The lines starting with dot are my own comments. And the memory usage from sysutil/htop on the disconnected ssh session is as follows:


```
Mem[|||||||||||||||||||||||||||||||||||||||||||||||||||||||||||||||||||||||||||||||||||||||||||||||||1.56G/1.97G]
Swp[||||||                                                                                            225M/4.25G]
```

According to the sysutil/htop output, one can conclude memory usage has nothing to do with these random freezes.

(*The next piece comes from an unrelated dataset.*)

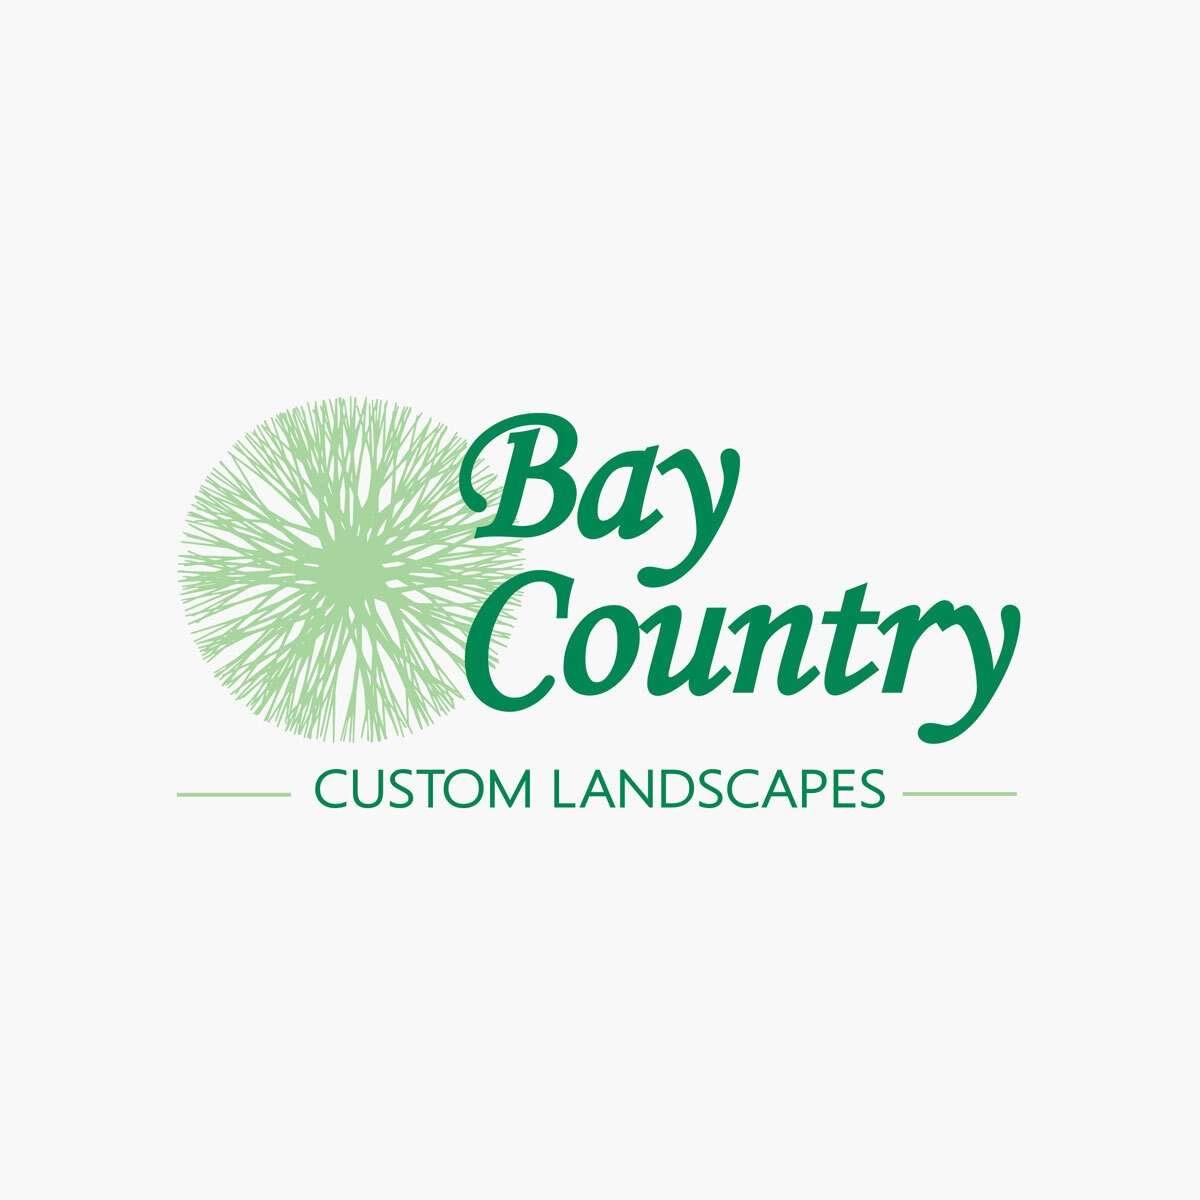 Bay Country Logo Design by BrandSwan, a logo design company
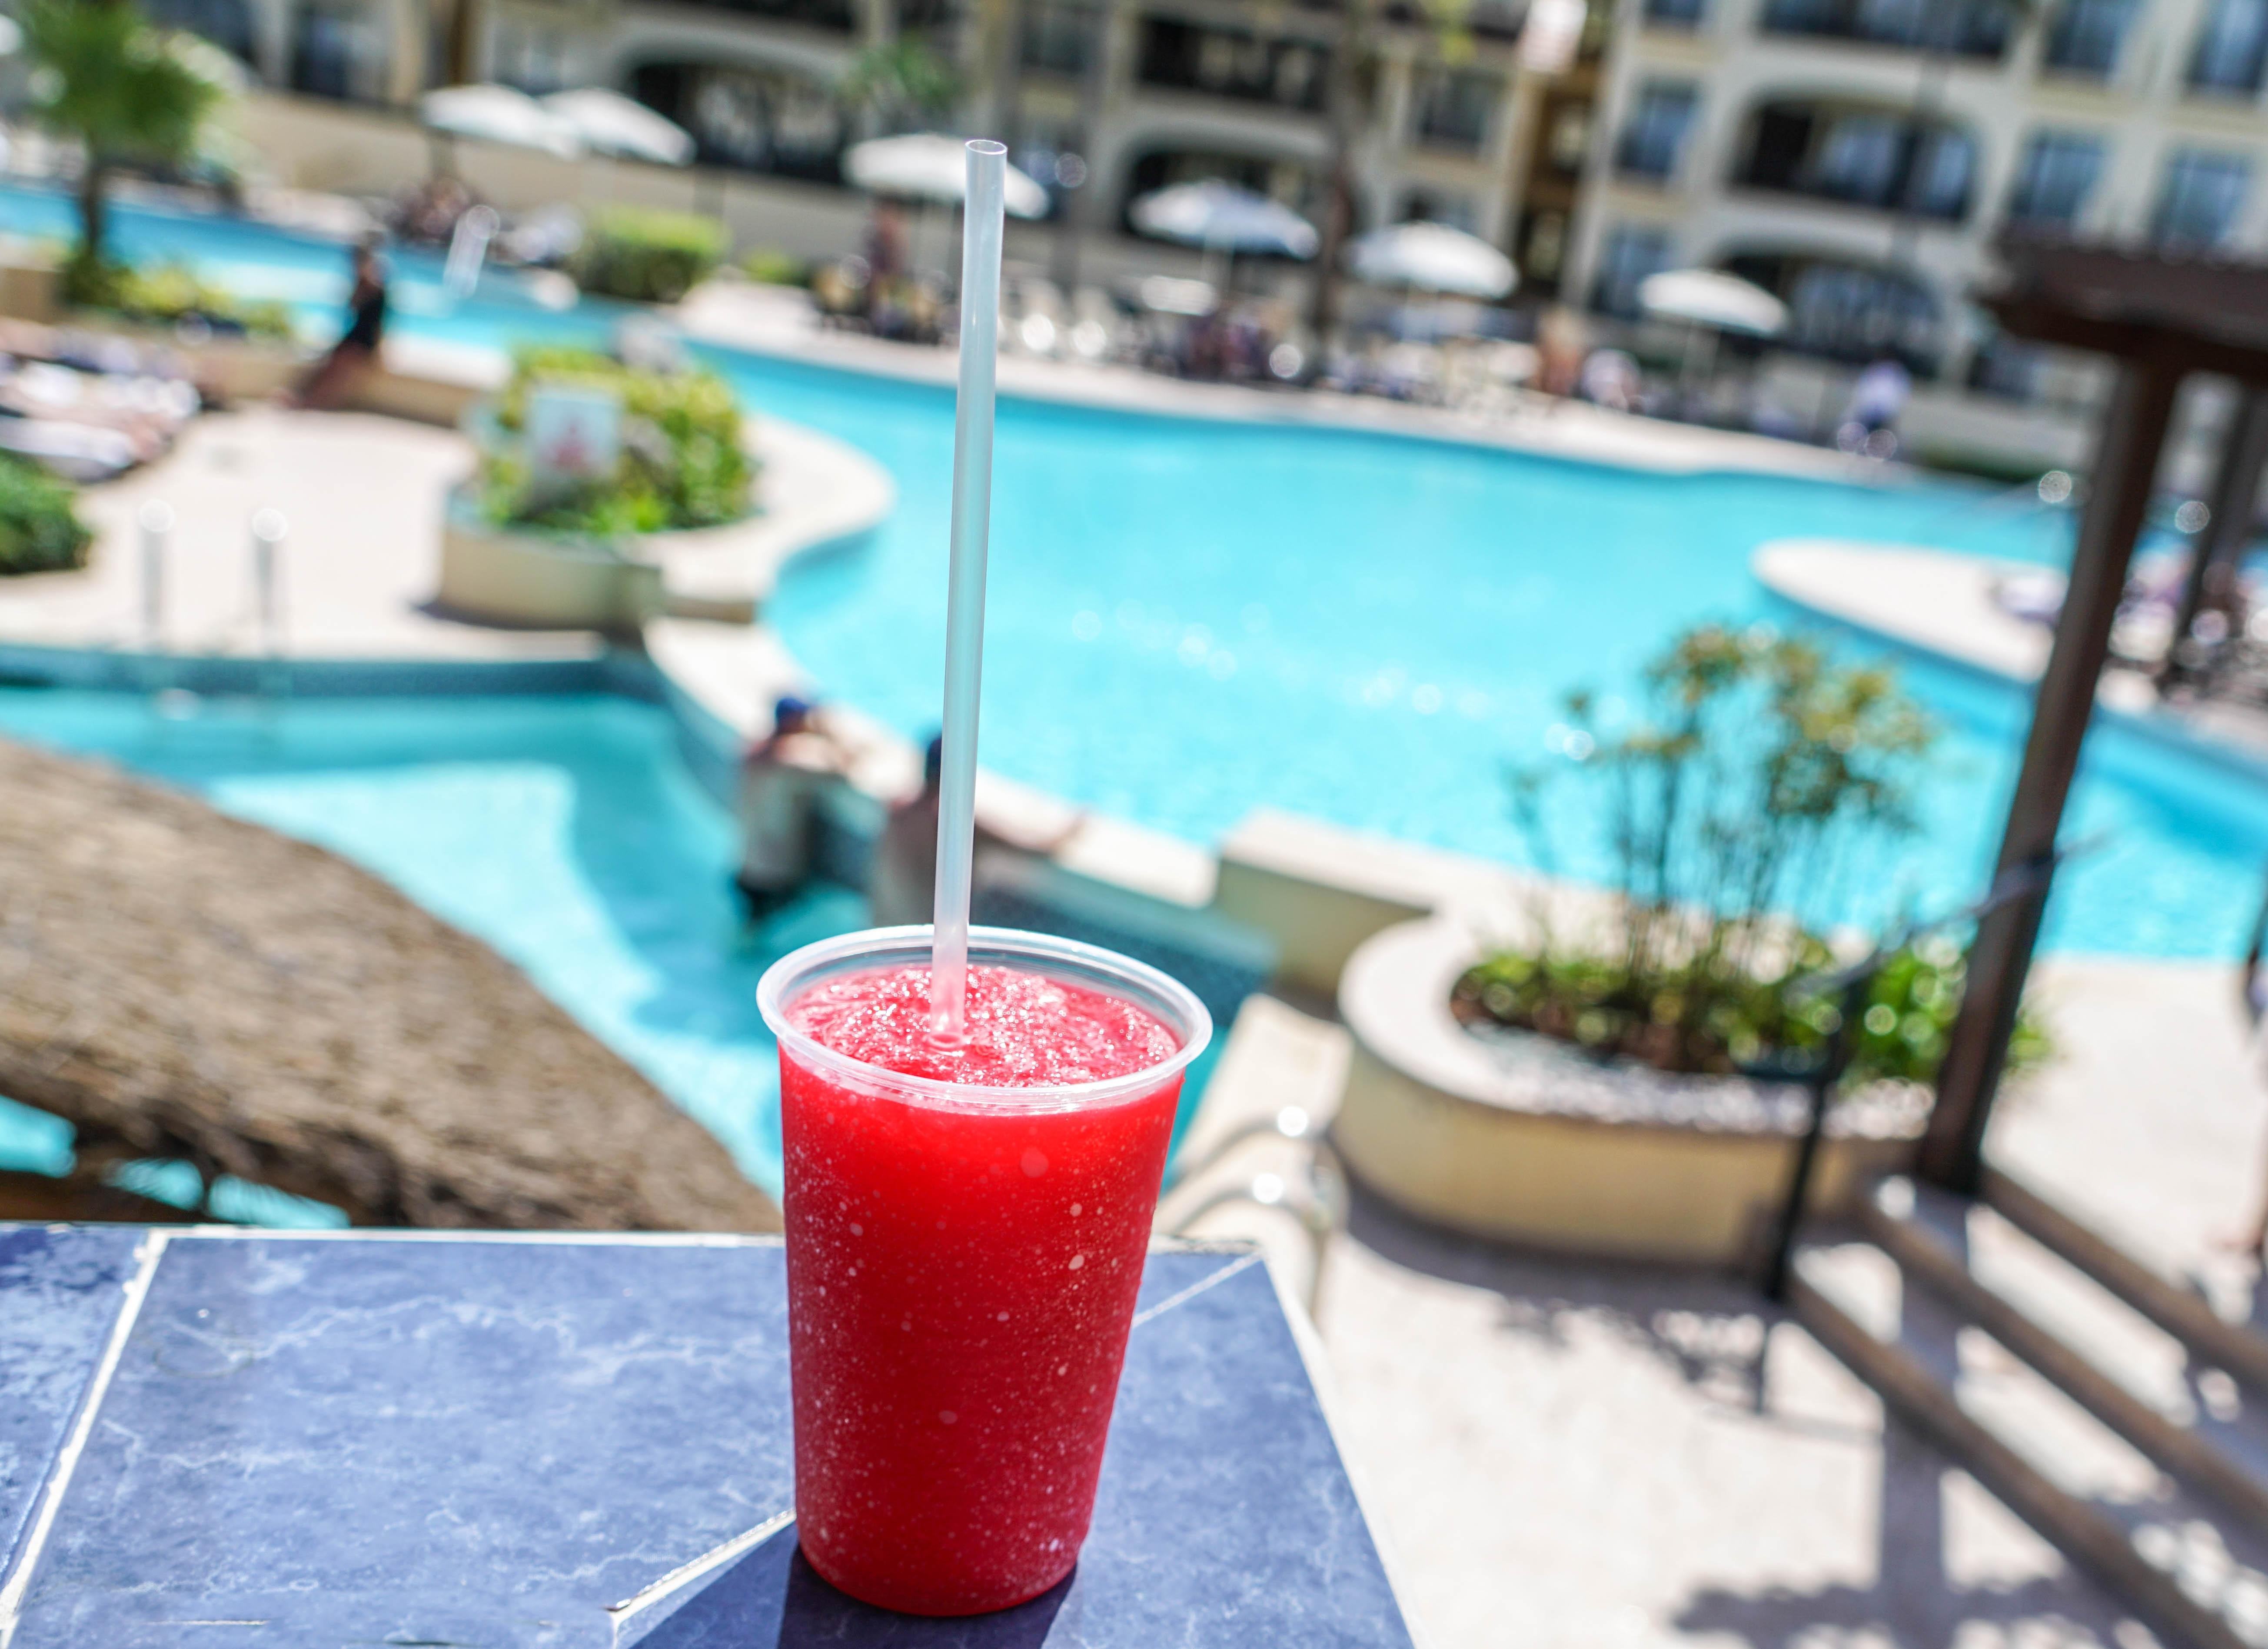 cool summer meal slushy help beat heat

I'll post `dmesg` and /var/log/messages in another post.


----------



## NuLL3rr0r (Jan 7, 2017)

This is the output of dmesg. And here is the output of /var/log/messages.

Thank you.


----------



## tcn (Jan 14, 2017)

Hi NuLL3rr0r,

  I have been experiencing something similar and am clueless too.  My crashes seem to be linked to network data transfer (I still have this issue with large files within a virtual machine).  Do you know if there is a lot of network or disk activity when the machine hangs?

regards,
tcn


----------



## NuLL3rr0r (Jan 15, 2017)

Hi tcn,

Unfortunately, the issue is still around for me, too. I even wiped the VPS an reinstalled it again, still the same issue. I doubt it that my crash is related to network or disk activity since this VPS does not have any load.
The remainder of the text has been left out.